• _Given data_:
"""

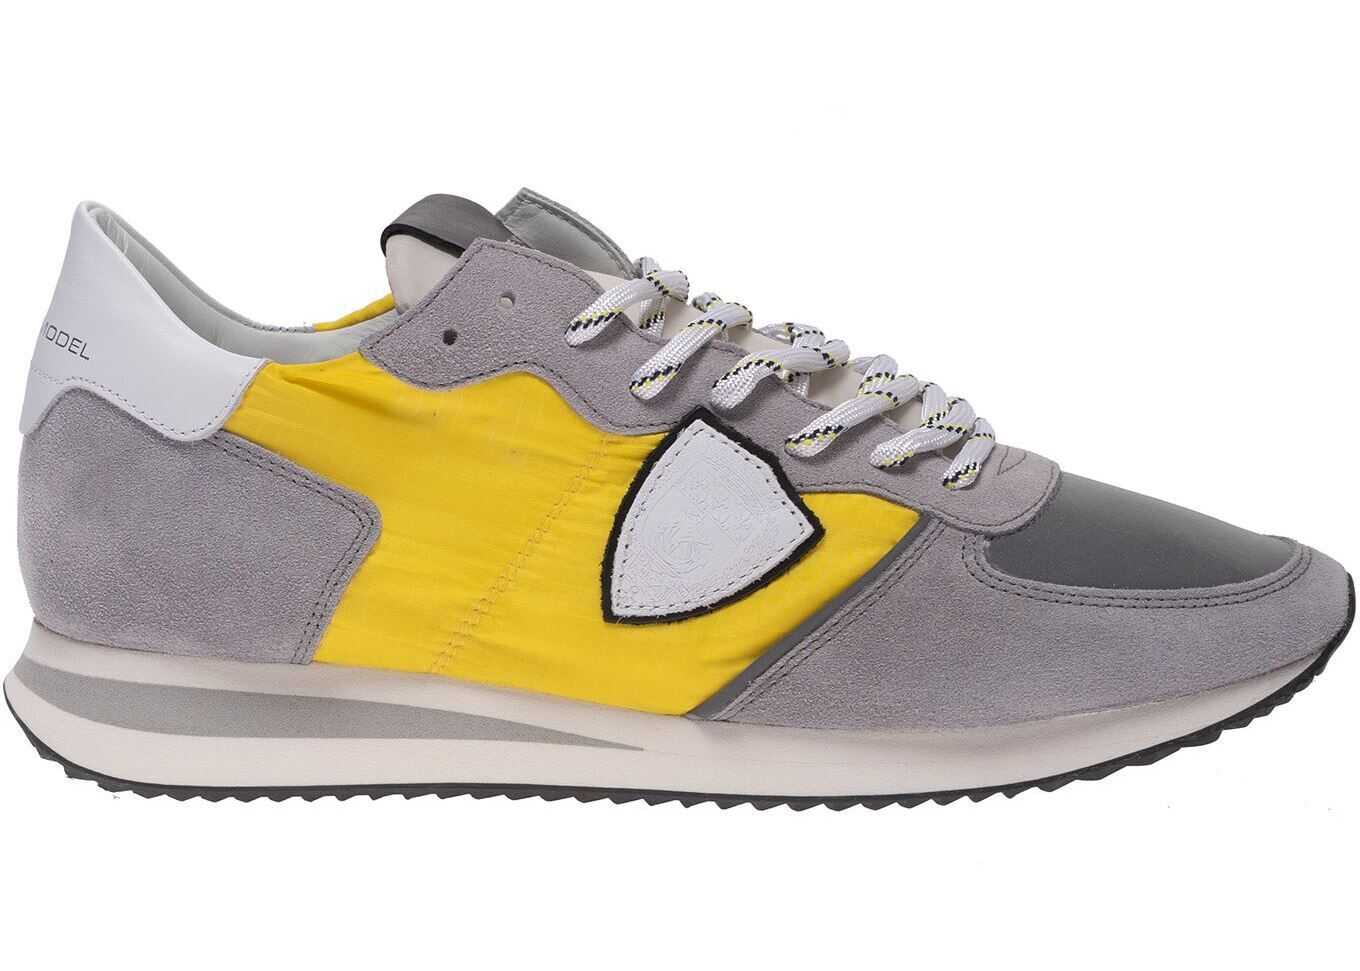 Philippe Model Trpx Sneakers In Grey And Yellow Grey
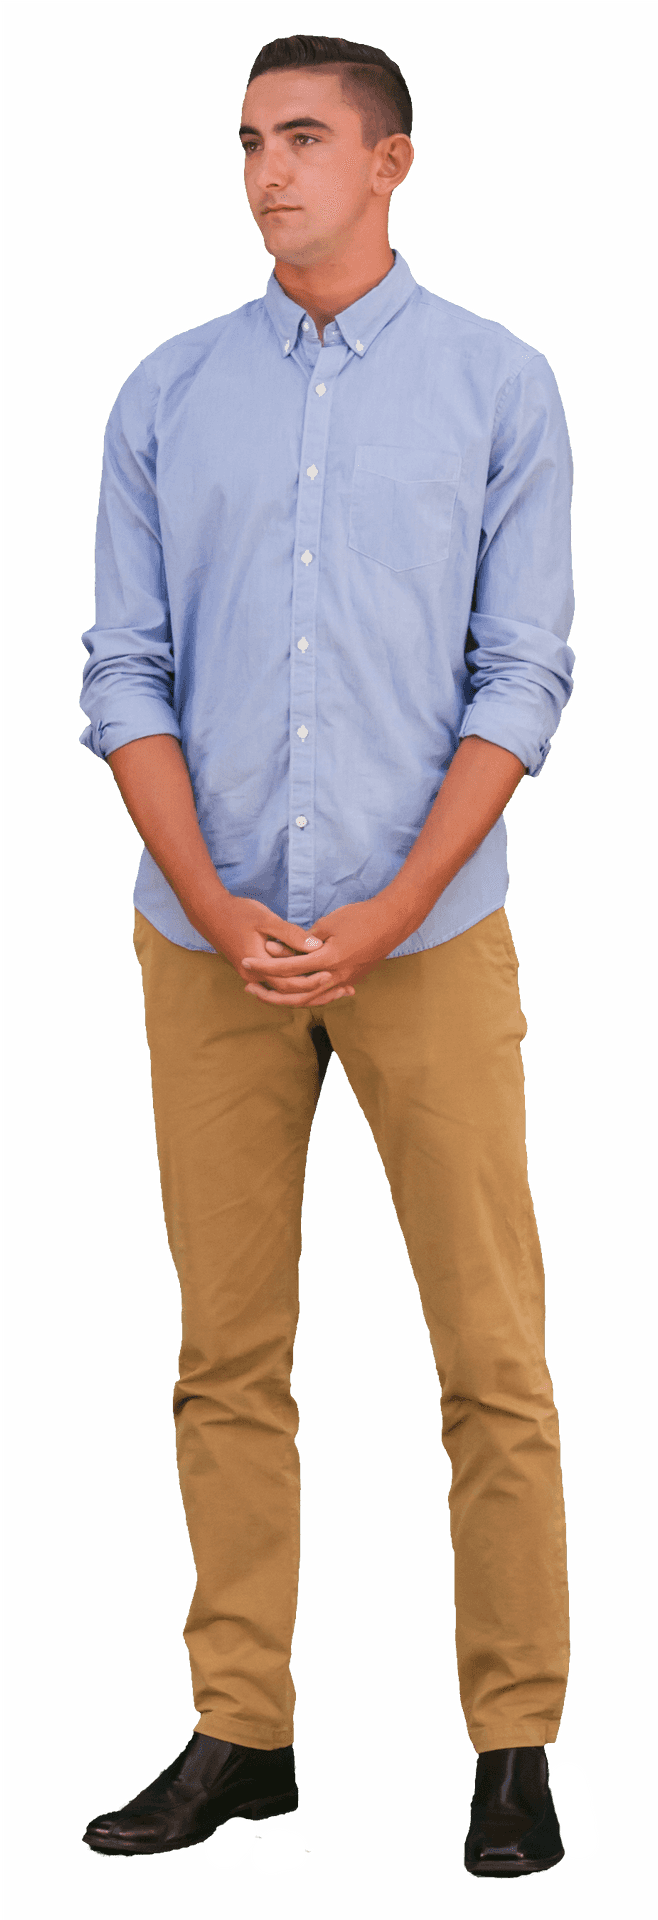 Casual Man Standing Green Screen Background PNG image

"""
"""

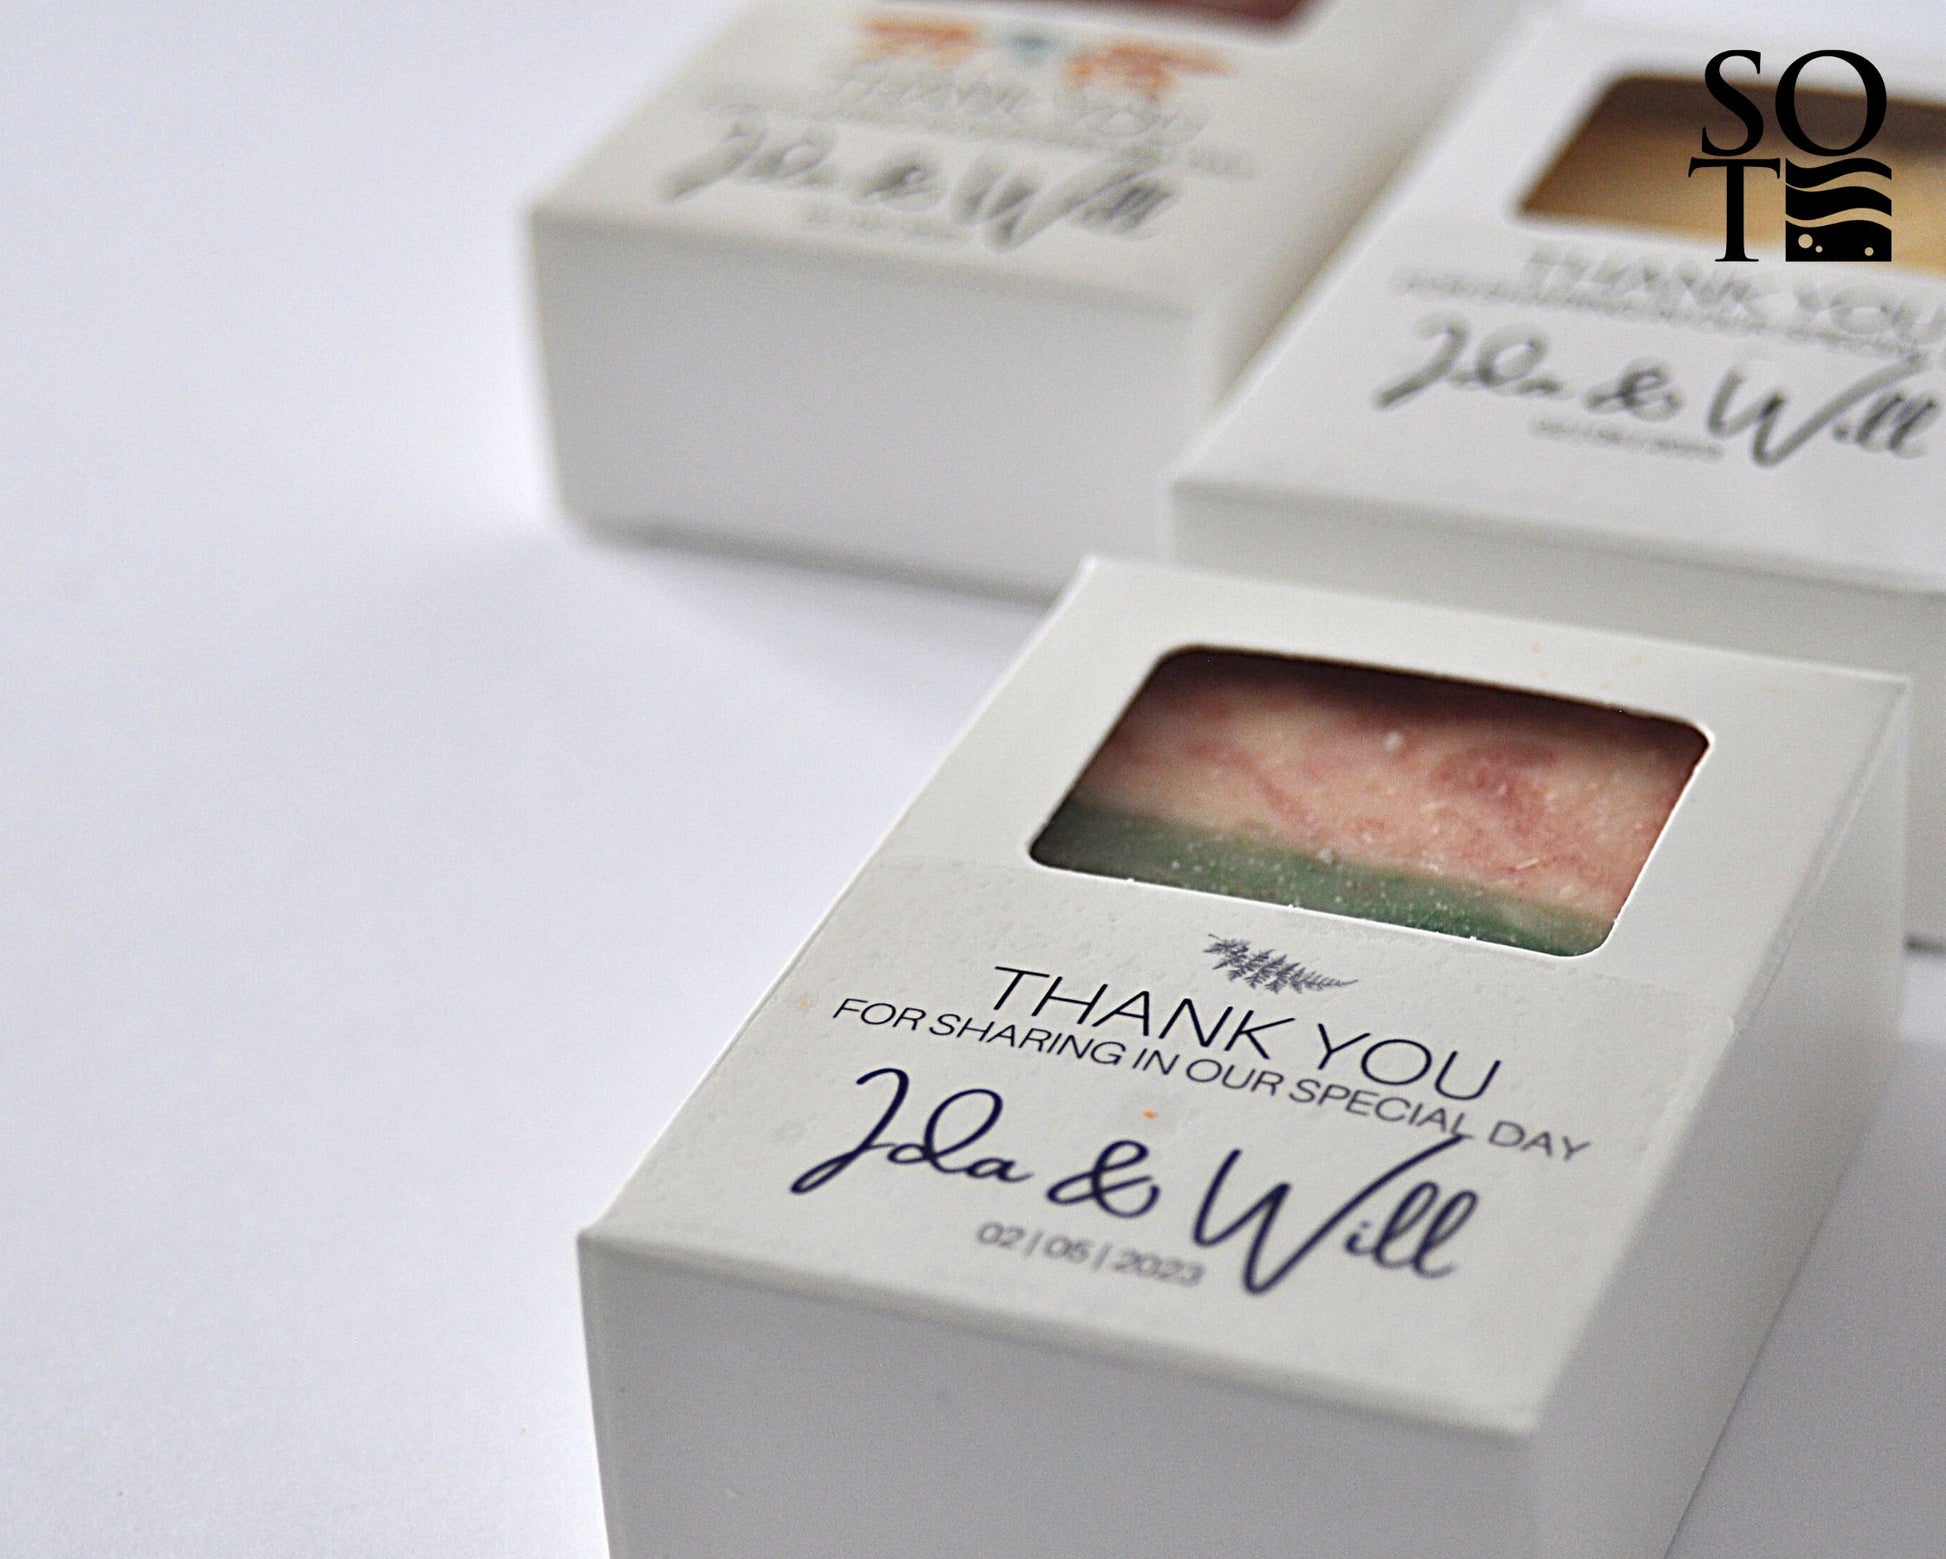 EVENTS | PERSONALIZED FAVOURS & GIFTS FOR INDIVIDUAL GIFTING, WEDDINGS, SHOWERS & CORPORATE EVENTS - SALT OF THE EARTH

"""
"""

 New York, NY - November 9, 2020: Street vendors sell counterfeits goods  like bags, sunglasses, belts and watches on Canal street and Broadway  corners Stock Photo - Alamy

"""

• _Exercise aim_: Above are records; repeat only the lines from the line with "Philippe Model Trpx" through the line with "Casual Man Standing", and leave pictures out.

• _Task output_:
 Philippe Model Trpx Sneakers In Grey And Yellow Grey
 Casual Man Standing Green Screen Background PNG image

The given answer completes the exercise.